What needs to be done => Once the images are set aside, print the remaining lines below exactly.

Recorded information START

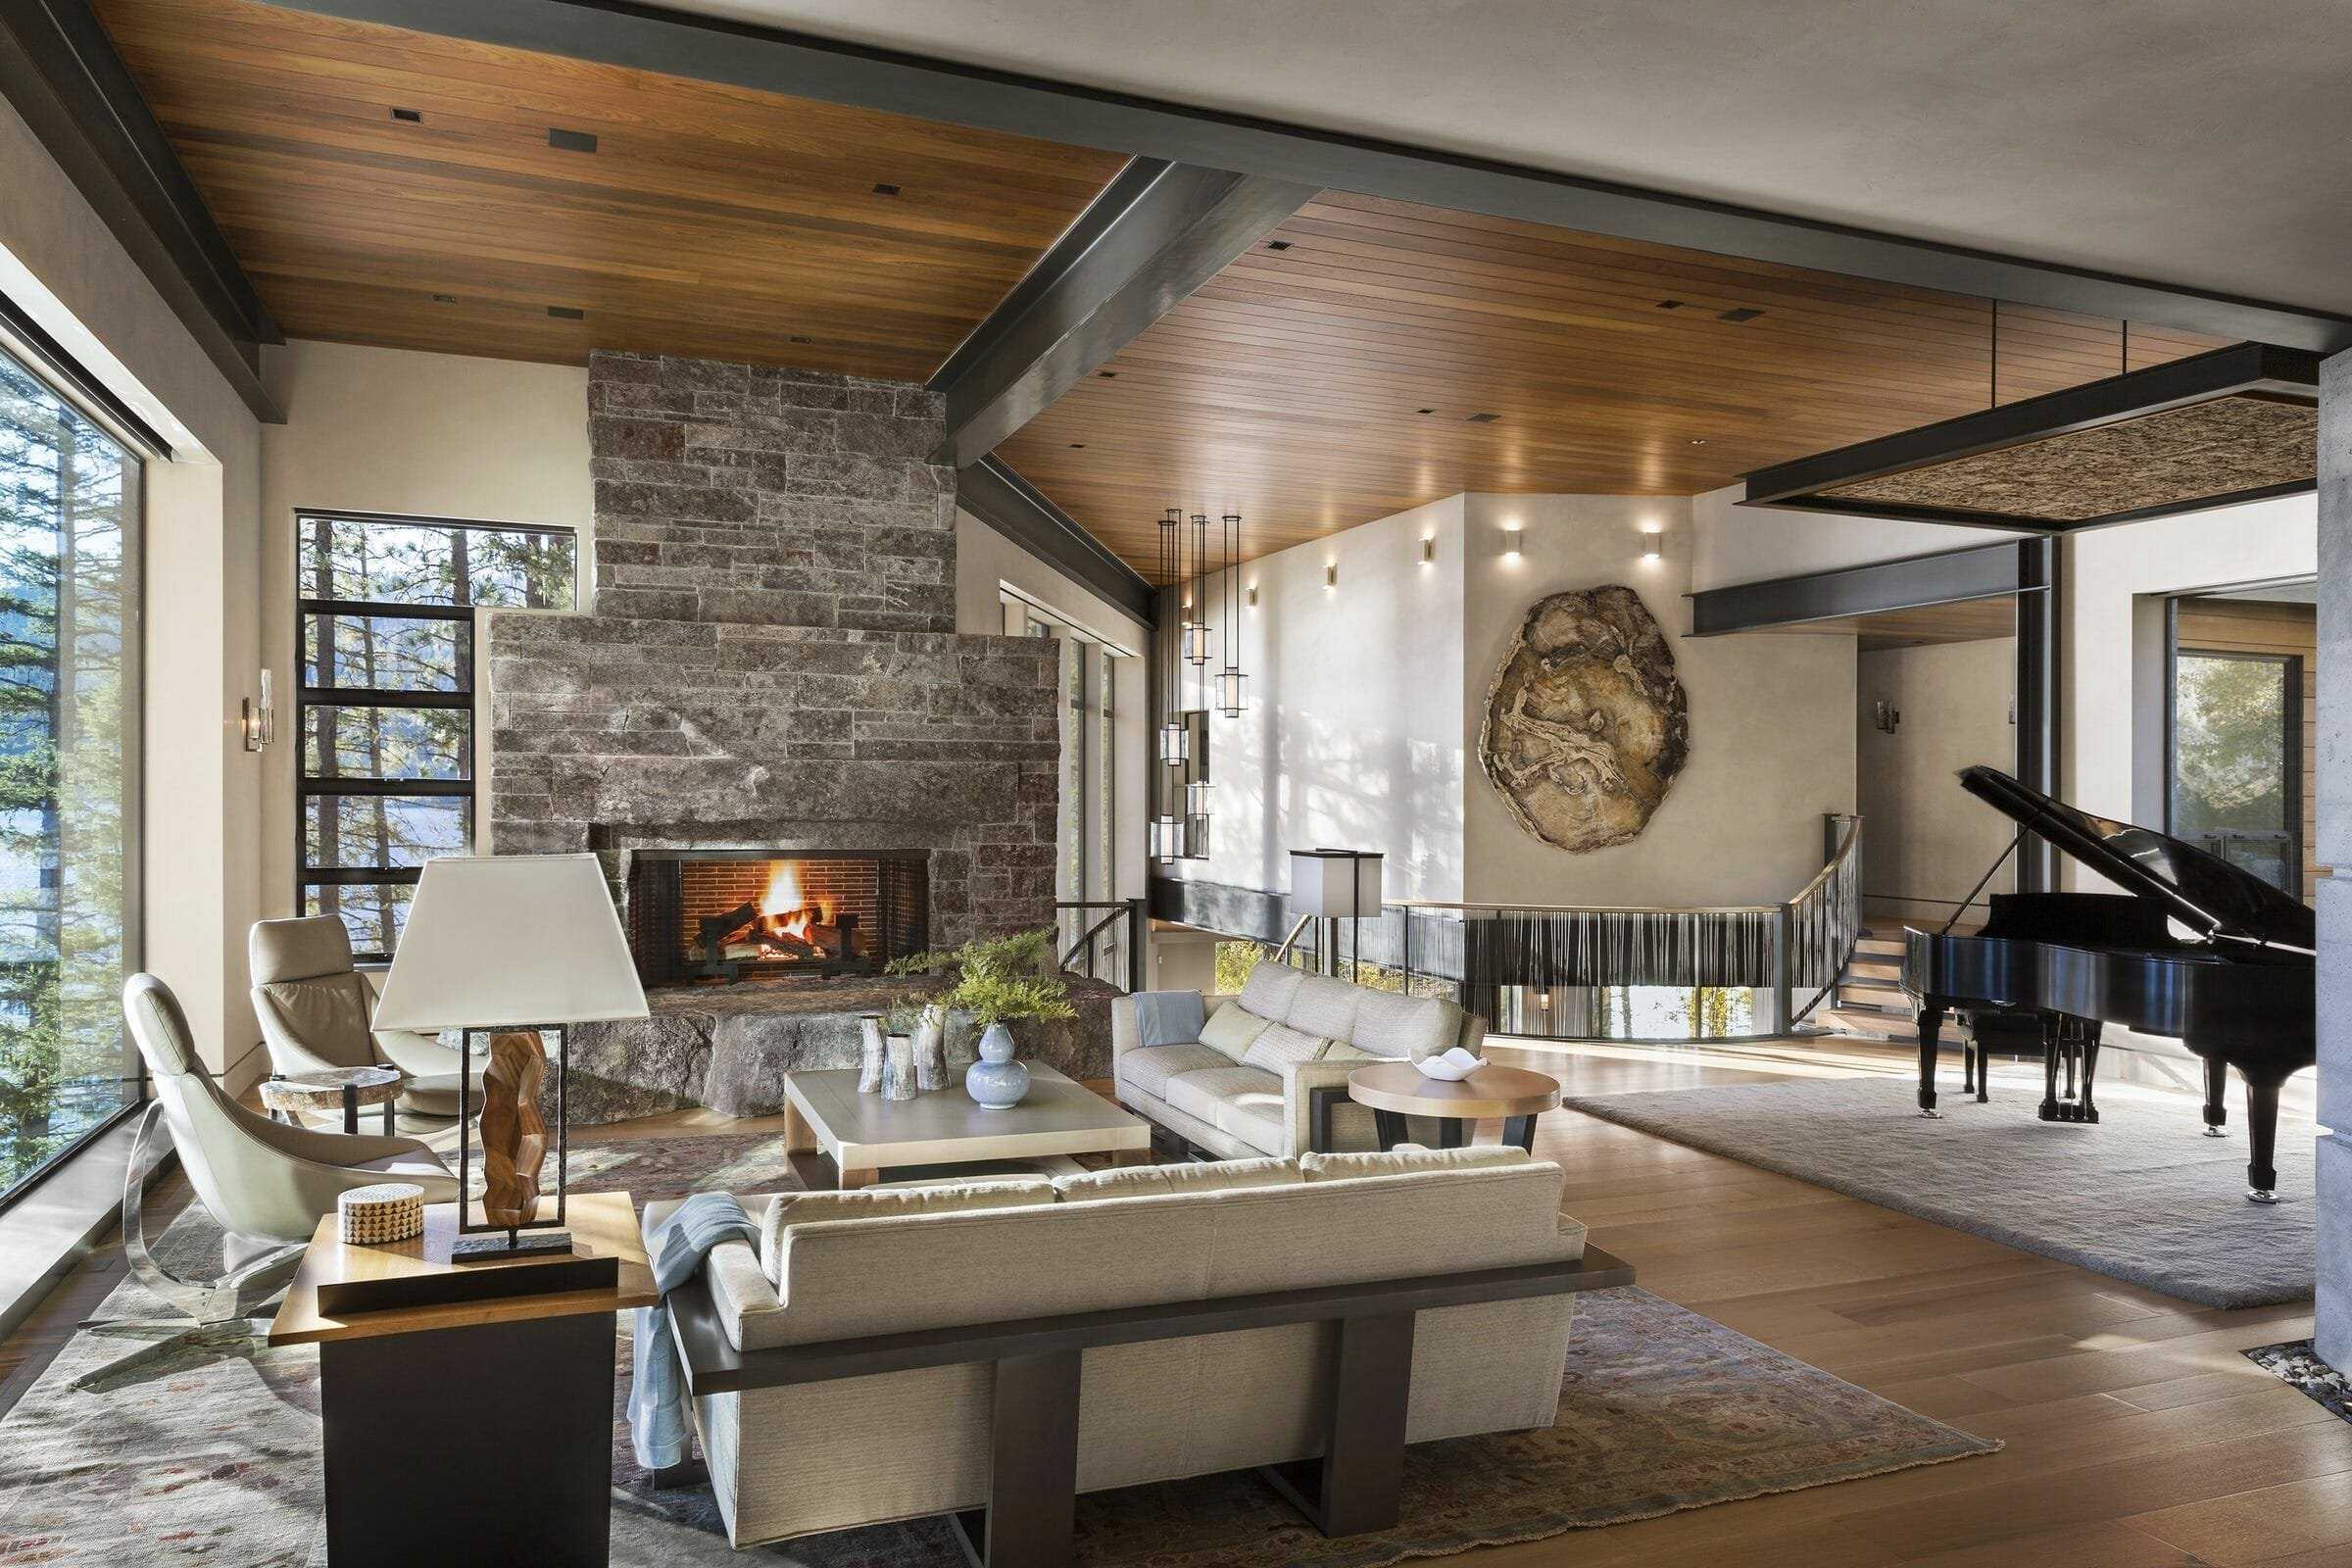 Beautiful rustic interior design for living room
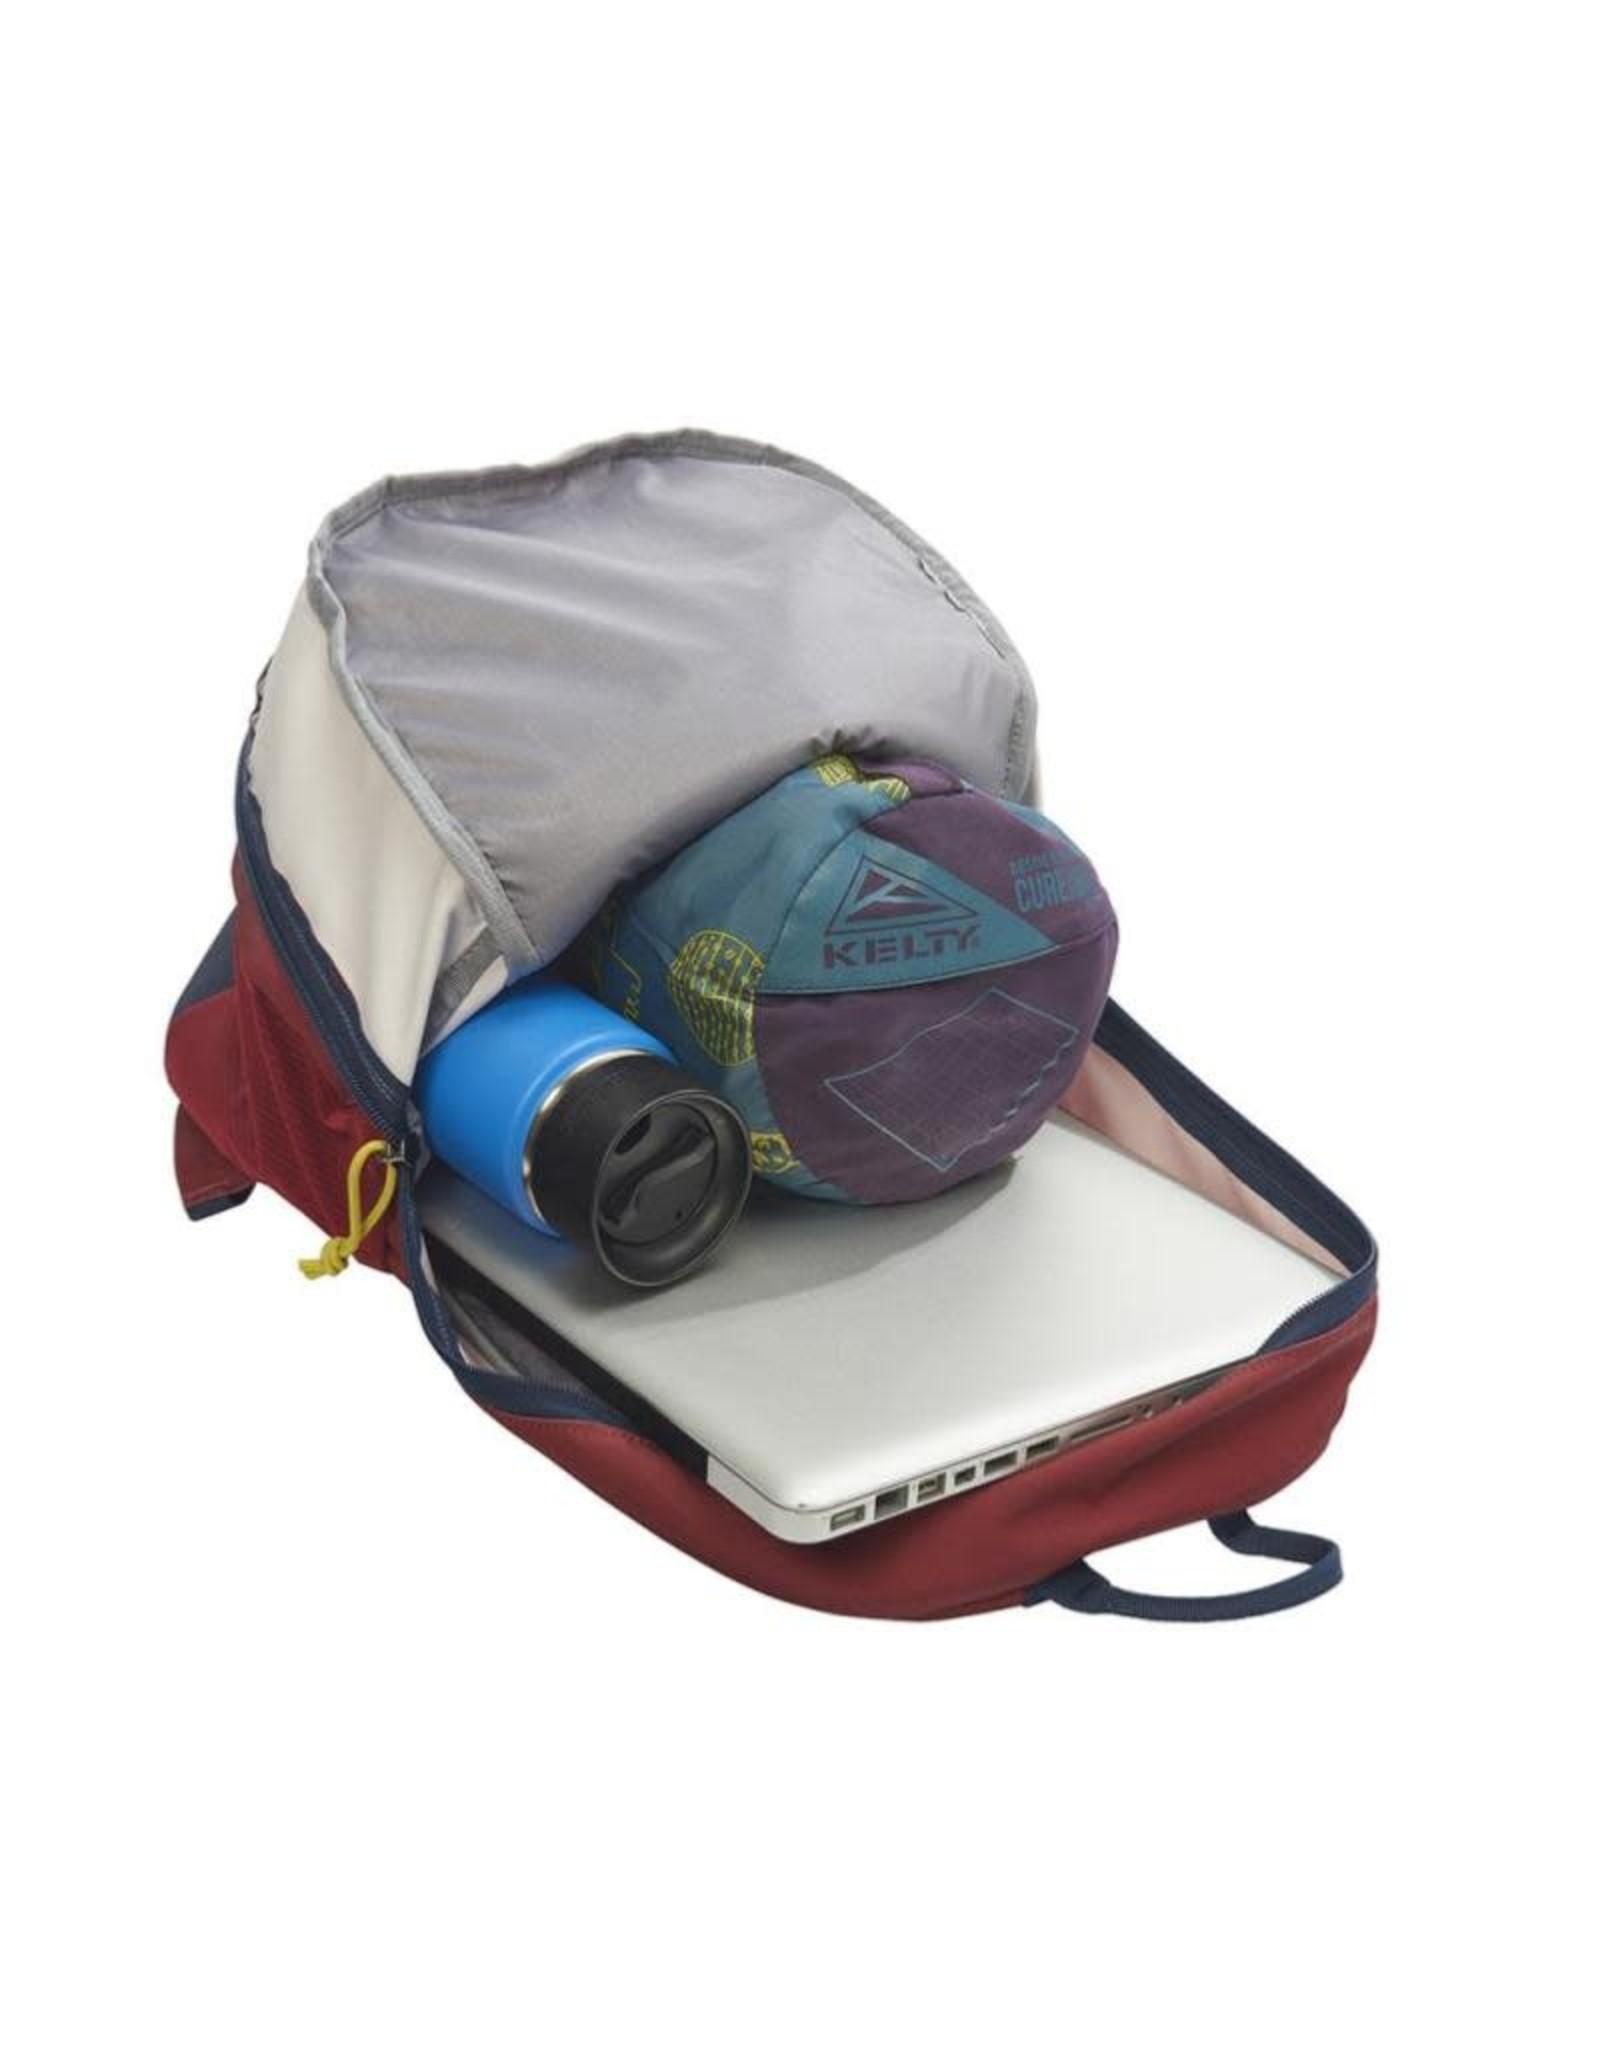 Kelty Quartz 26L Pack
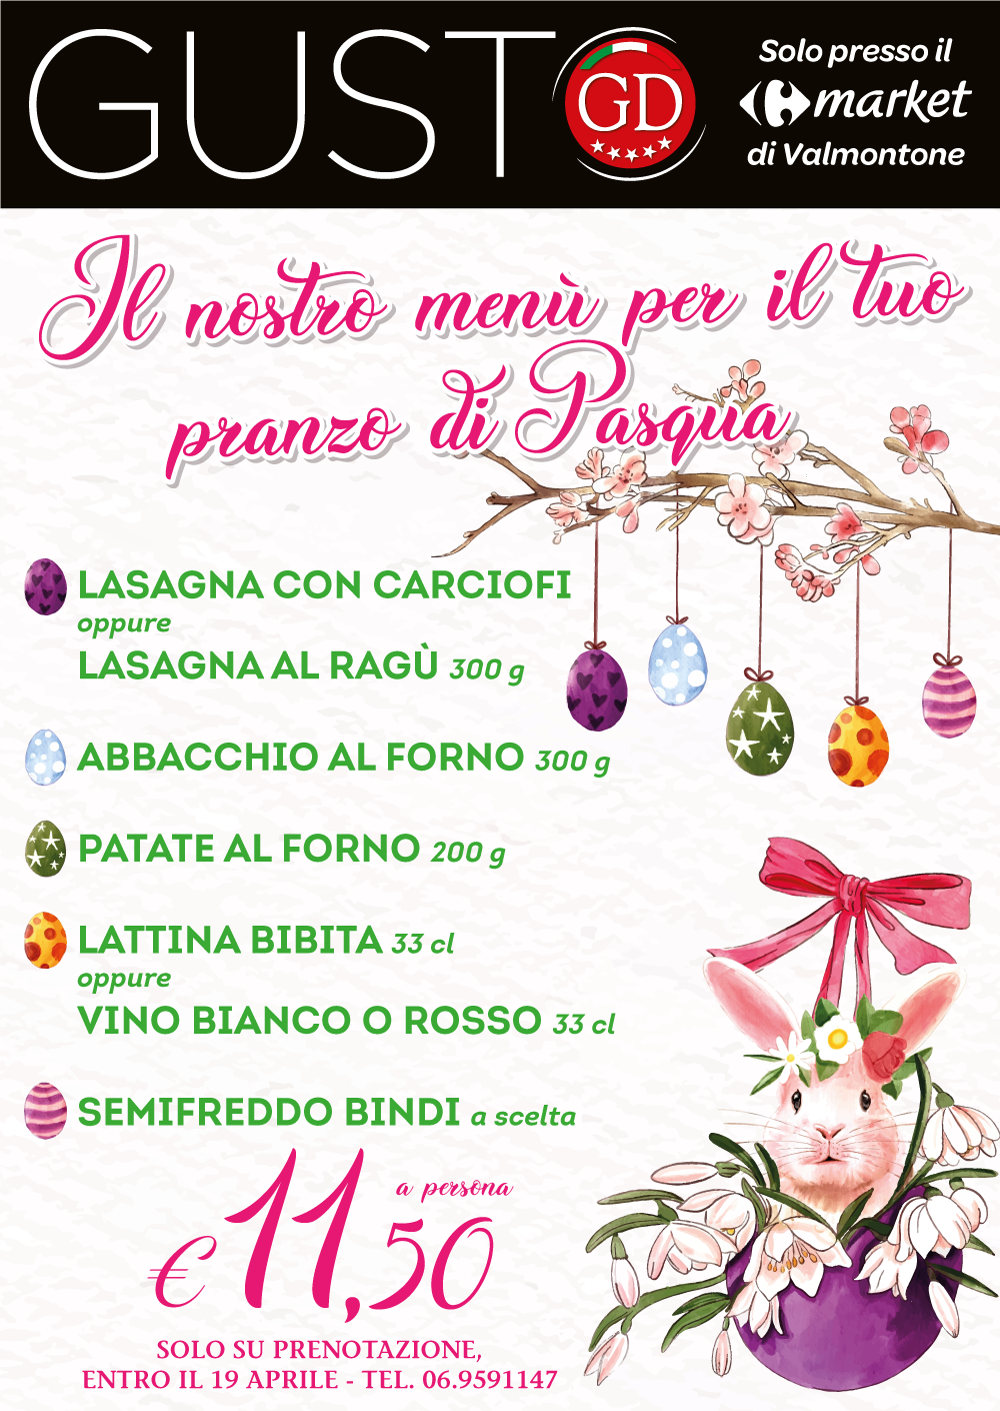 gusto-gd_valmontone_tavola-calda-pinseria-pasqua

Recorded information END

Answer box =>
 Beautiful rustic interior design for living room
 Kelty Quartz 26L Pack
 gusto-gd_valmontone_tavola-calda-pinseria-pasqua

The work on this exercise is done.